Perkins raises the question that rattles around in the back of my head every week when I look at the week's school plans. How much of this stuff is really worth learning? I believe that if she specifically asked for it, then it is worth it because it interests her. The concept of "unschooling" among the homeschooling community addresses this by allowing the learning to be completely child-led. The children learn what interests them. Parents help find resources if necessary, but the rest is in the child's hands. A study published in Psychology Today found that unschooled children grew up to be productive members of society with college degrees and a variety of jobs. ("Survey of Grown Unschoolers, Part 3: Pursuing Careers", Peter Gray, Ph.D., Psychology Today (online article), 6/21/2014).
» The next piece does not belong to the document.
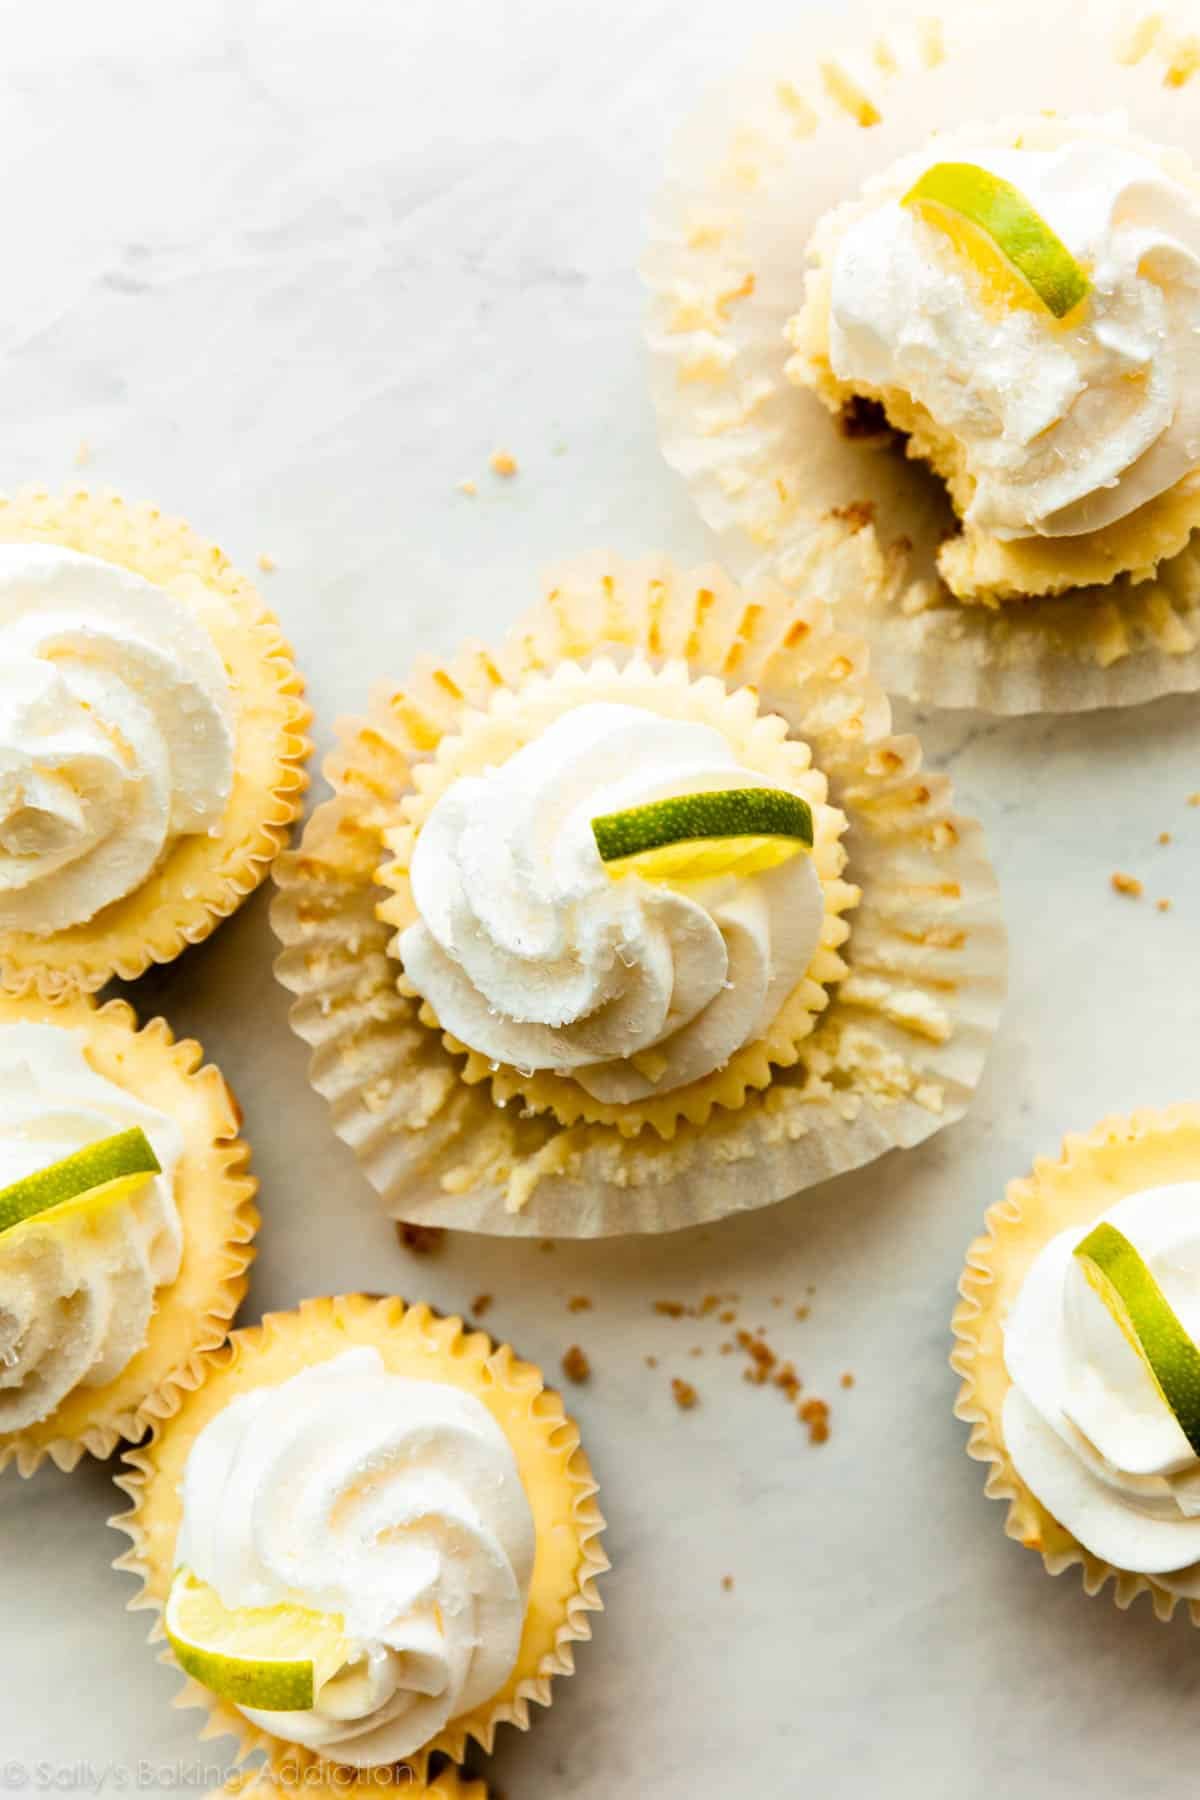 mini margarita cheesecakes with tequila whipped cream and lime slices.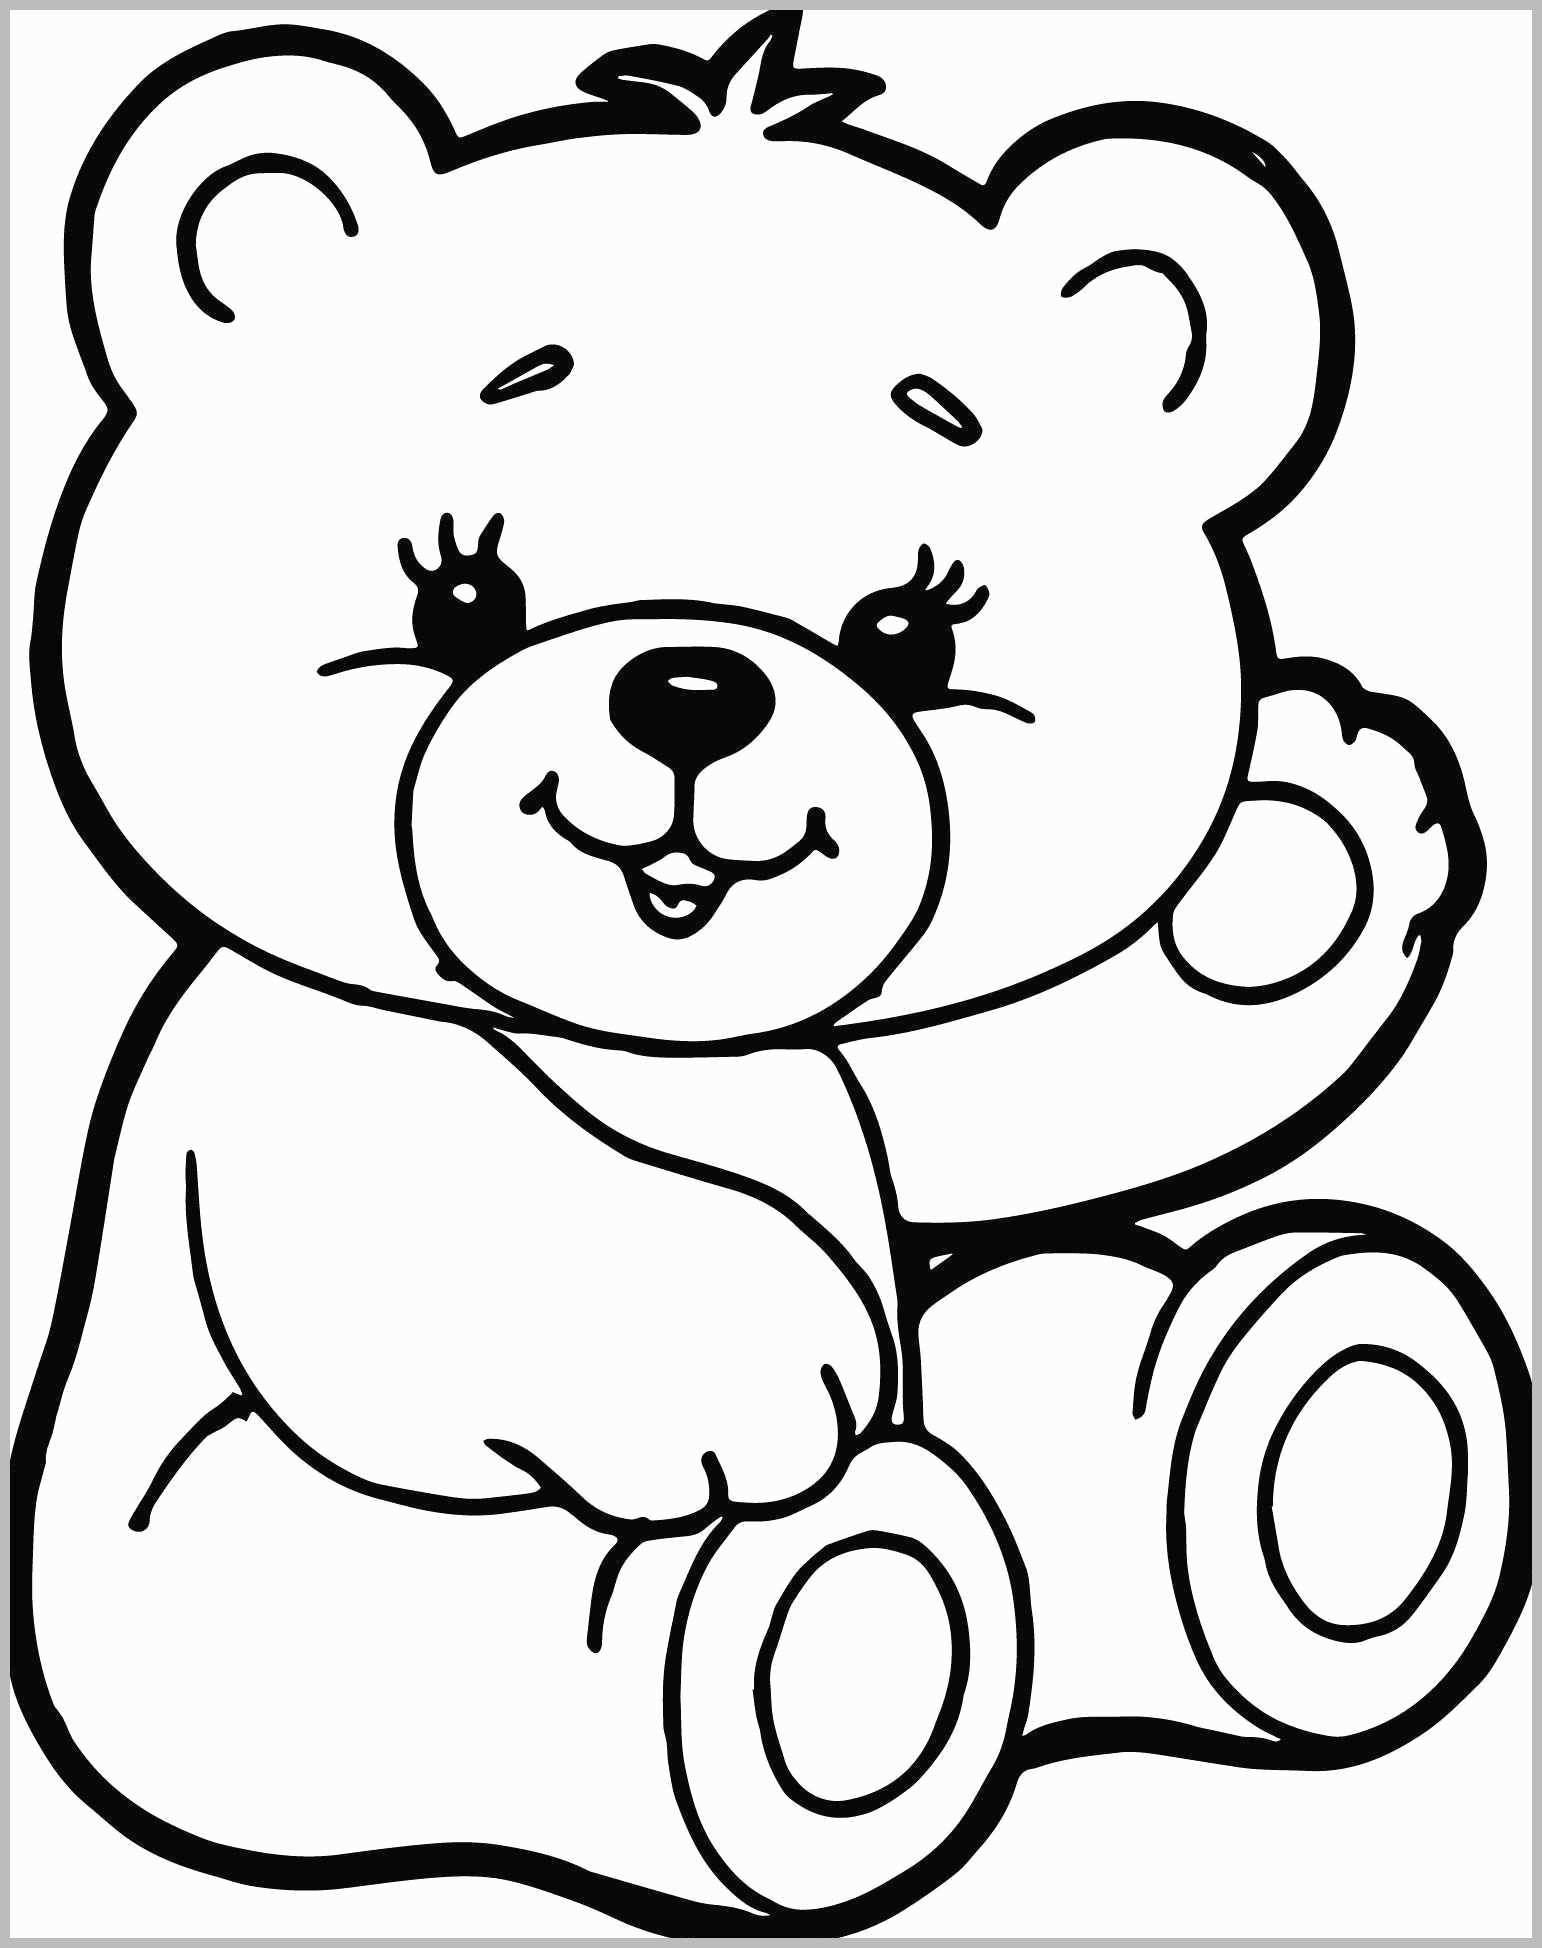 Valentine Teddy Bear Coloring Pages Coloring Teddy Bear Coloring Pages To Print Sheet Elsa Free For

While Perkins was not specifically talking about unschooling, the question still applies. These unschoolers learned to learn and think on their own. In some ways, as Perkins suggests we do with the traditional topics, these unschoolers taught themselves lessons for their future. Maybe we should ask, "What is worth learning and is it specific to the person doing the learning?" 

I started reflecting on my own learning when we began homeschooling. This course gives me new angles to ponder. When I look at my daughter and her homeschooled friends, it makes me sad about how I was taught. I was often bored and uninspired in school. My interests and learning style were rarely taken into account. Children deserve more than that and my goal is to do my part to achieve this.

Monday, September 8, 2014

What I Think I Know... What I Puzzle Over... and What I would Like to Explore

Today's "think piece" is a grid.  Down one side is "What I Know", "What I Don't Know", and "What I would Like to Know".  The top of the grid are the following categories:  "About Learning", "About Teaching", and "About Contexts for Learning".  Before I get started on this exercise, as the title of this post suggests, I'm actually changing the wording to David Perkin's thinking routine of think-puzzle-explore because learning begins with what I think I know.  

What I think I know about learning
I think we are all life-long learners.  The adage, "you learn something new everyday", is absolutely true if you're open to that idea.

I think we need guidance to learn how to learn efficiently.  The last class I took, Learning How to Learn, dove into this into great detail.  I highly recommend this to teachers as it helped me shape my own teaching practices to better help my students learn their material.

I think that everyone has a different learning style and speed at which they learn material.  As teachers, I believe it's important to take this into account even though this can be challenging in a a room of 20 - 30 students (or more!)

What I puzzle about with learning
I puzzle over why some people have a "head for" a particular topic while other's don't.  For example, some people are math whizzes and others can barely balance their checkbook.  I know it's possible to re-train your brain, but I wonder why our initial blank slates are so different.

What I would like to explore about learning
I would really love to dig into the various learning styles and see how I can leverage them better with my students.  I've learned many tricks along the way that other voice and chorus teachers use.  Each time I learn a new one, I'm always amazed at what a difference it makes for a particular student and/or issue.  

I would also love to explore gamification of learning.  My daughter takes classes through Minecraft Homeschool.  She is currently enrolled in a writing class through them.  She's also learned history, art, and science through their service.   She's having so much fun that she doesn't realize she's learning it -- and she retains so much!  I know there is a ton of research in this field and as an avid gamer, I'm fascinated by the concept (and wish I had this kind of thing when I was a kid!)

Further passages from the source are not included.